The “go home” campaign has the hallmarks of a classic PR stunt

Sorry, politicians don't get to use the controversy/backlash/press coverage PR ploy.

It’s among the more venerable tricks in the PR book - release an edgy ad, stir up a bit of a backlash, and use the resultant press to catapult your reach into the stratosphere at no extra cost. Shock tactics have been used to sell everything from cars to deodorant (search "Lynx Advert banned" and Google’s layout positions a number of distracting images above the nuanced comment pieces they were uploaded to illustrate). Today, however, there came a watershed moment in the influence of commercial communications on politics. When the Prime Minister’s spokesman praised the Home Office’s divisive "go home or face arrest" posters and leaflets because they were attracting “a great deal of interest,” (read: column inches) he fell within this tradition. Political comms advisers should remember they’re meant to be improving lives, not just getting noticed.

The modern appetite for controversy is huge, and not entirely a bad thing. Search engine DuckDuckGo, a wonderful product which prides itself on its privacy policy, has piggybacked with awe-inspiring shamelessness on coverage around the NSA digital spying scandal. Even the most virulent anti-capitalist had to crack a smile at Nandos’ Mugabe-baiting "Last Dictator Standing" ads.

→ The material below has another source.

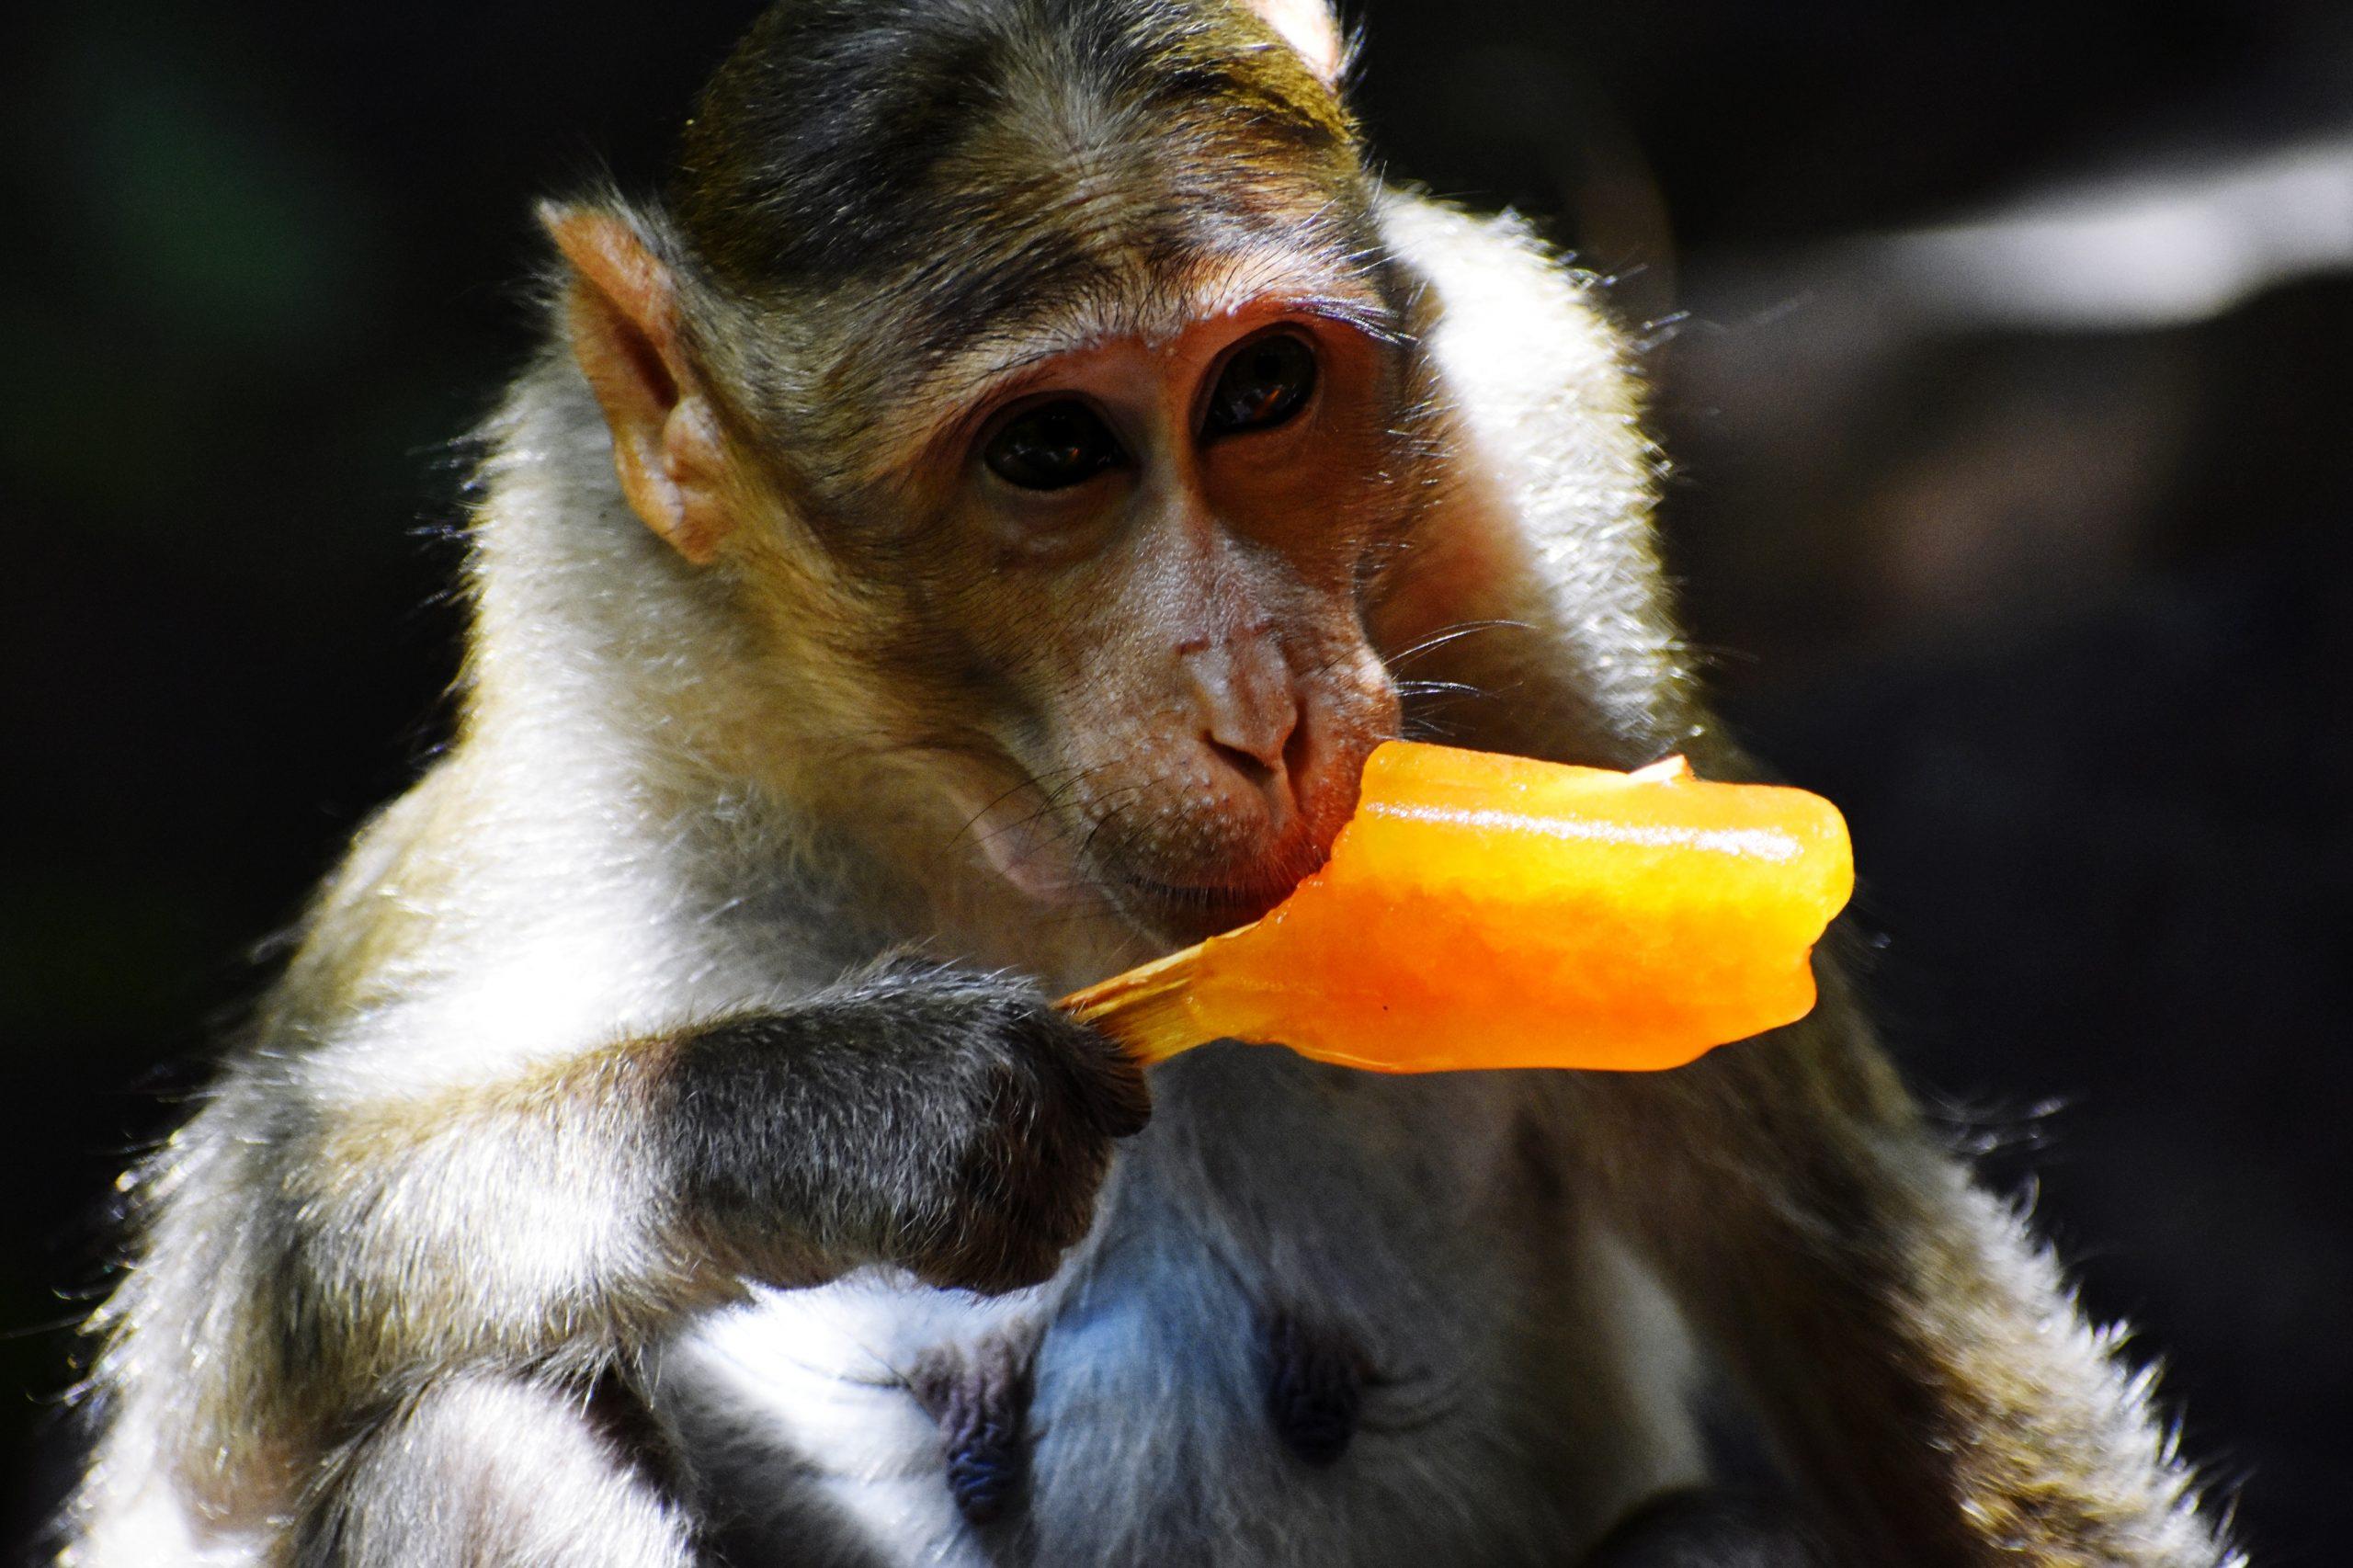 A monkey eating an ice pop

I still recall with affection my first childhood trip to an IMAX where they informed an audience of breathlessly excited kids that the screen was SO big we might ACTUALLY FAINT. If we must be bombarded with corporate messaging, I’d rather it makes me smile, or even think, as it bends my desires to the service of the combine.

However, this is one of those cases where politicians just don’t get to join the party. There are many fun things you can do as a cabinet minister: enjoy a subsidised brandy, get an ideology named after you, shout ‘hear hear hear’ without people nearby crying with embarrassment. One thing you can’t do is provoke discord for the sake of discord. The only purpose of the controversy surrounding the ads is to get commentators of the left and right making the noises the Tories want them to make. Since the intended impact on illegal immigrants relies largely on locally specific data and the immediate shock value of seeing the messages near their home, noisy coverage will make no difference to the volume of emigrations the campaign provokes.

I could be wrong - The Home Office, who devised the campaign, might be totally flabbergasted by the attention - but I don’t think so. This has all the hallmarks of a classic PR stunt. Costing a mere £10,000, its deployment in a slew of highly diverse London boroughs seems calculated to generate maximum media attention - the most "Opportunities to See" for the budget, in comms parlance. A recent Home Office report identified "medium sized towns" and "asylum dispersal areas" like Plymouth and Bolton as the places where local communities were worst affected by immigration. None of these places have the outspoken, media-friendly MPs and Councillors and nearby press presence that London does, however.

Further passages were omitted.